Spurred by this conversation at M&G, I decided to take a deeper look at one of the clubs more uninteresting acquisitions this summer: tough guy Tim Jackman. The 29 year old has scored all of 28 points in 191 career games and is known far more as a tough guy than a capable NHL player as a result. The assumption is that he was acquired to skate around for 5 minutes a night with a scowl on his face and little else.
A cursory look at his underlying numbers suggests that Jackman is indeed little more than a below replacement level enforcer type. Last year, his corsi/60 rate for the Islanders was absolutely ghastly: -20.16. That’s one of the worst rates in the league, so it would be defensible to write Jackman off as a musclehead.

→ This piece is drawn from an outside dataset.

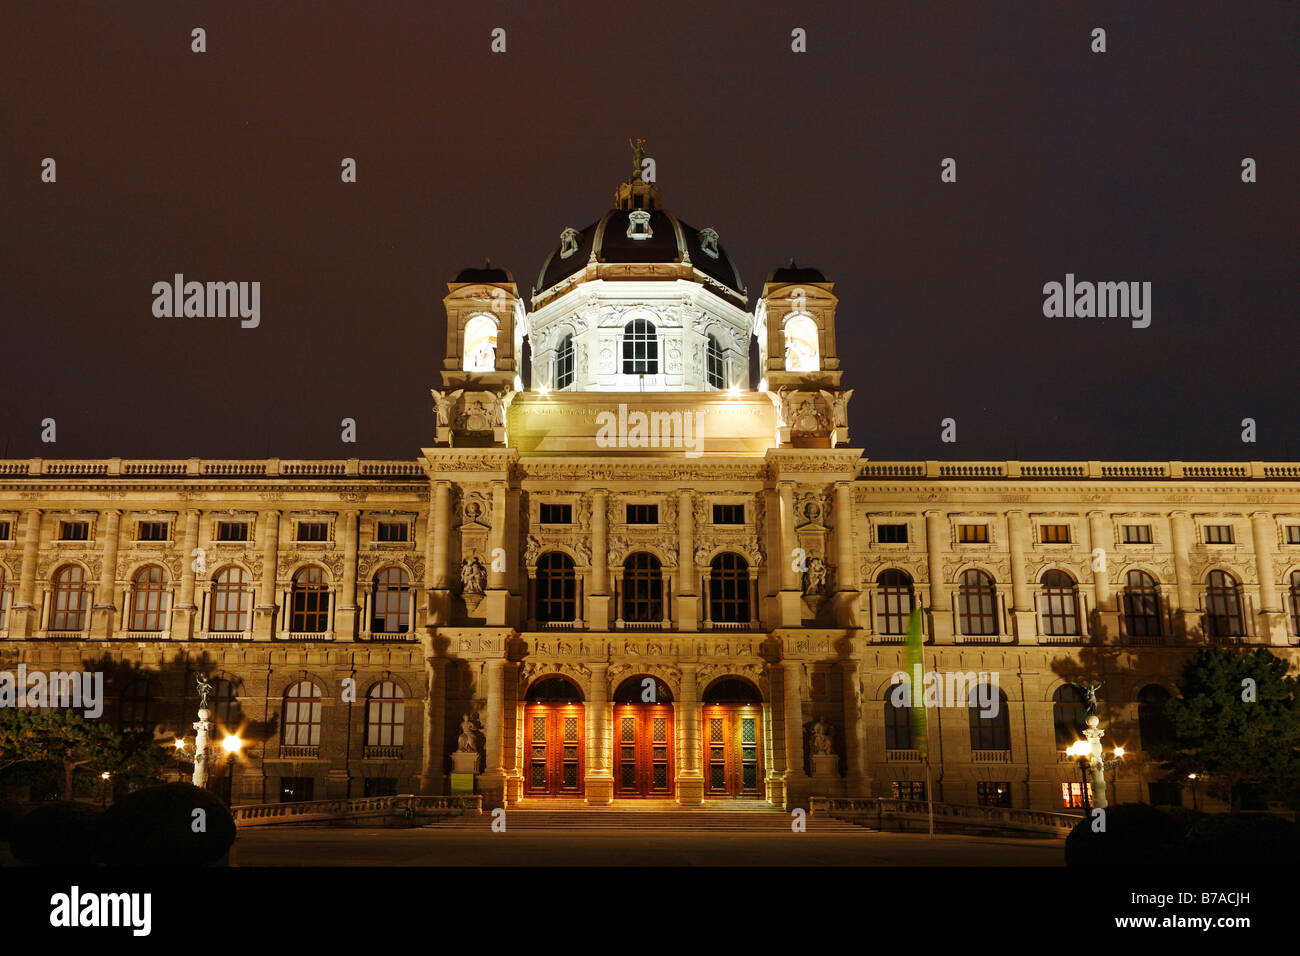 Kunsthistorisches Museum, Kunsthistorisches Museum, Maria-Theresien-Platz, Wien, Austria, Europe Stockfoto

A deeper look reveals some pretty harsh circumstances for the big guy though. Jackman also had one of the most merciless zone start ratios in the league at 33.8%. That was the toughest row to hoe in New York last year, with Richard Park being the only other guy below the 40% mark. And while Franz Nielsen was mostly taking on the big guns, Jackman wasn’t just facing the dregs: the various quality of competition metrics at behindthenet suggest at least middling opposition.
I decided to normalize Jackman’s 2009-10 corsi rate in order to get a better feeling for the player. It’s something I’ve done for Langkow in the past. For those unfamiliar, it’s correcting for the skewing effect of zone starts on possession. Here’s what I found for Jackman:
corsi rate/60: -20.16
raw corsi: -170.35
zone start differential (o-zone – d-zone): -93
normalized corsi (raw): -95.95
normalized corsi (rate/60): -11.36
Correcting for zone starts doesn’t bump Jackman into positive territory, but it does up his rate by 8.8 per 60 minutes of ice. That’s a fairly sizable jump and it speaks to the sheer difficulty of his circumstances. I went back three years to see how Jackman had fared for the Islanders previously and found that he’s only been fighting up hill for the last two. In 2007-08, Jackman only played 36 games, but his possession stats were much more palatable: +8.2/60 (fifth best amongst NYI forwards that season). What was the difference? A much saner zone start ratio (50%) and level of competition (bottom of the barrel).
It’s entirely probable that Jackman’s role with the Flames will be much closer to this latter situation than the ones he’s faced in NY recently. As such, I think he just might be able to hold his own (assuming the Brent doesn’t bury him to the same degree, of course).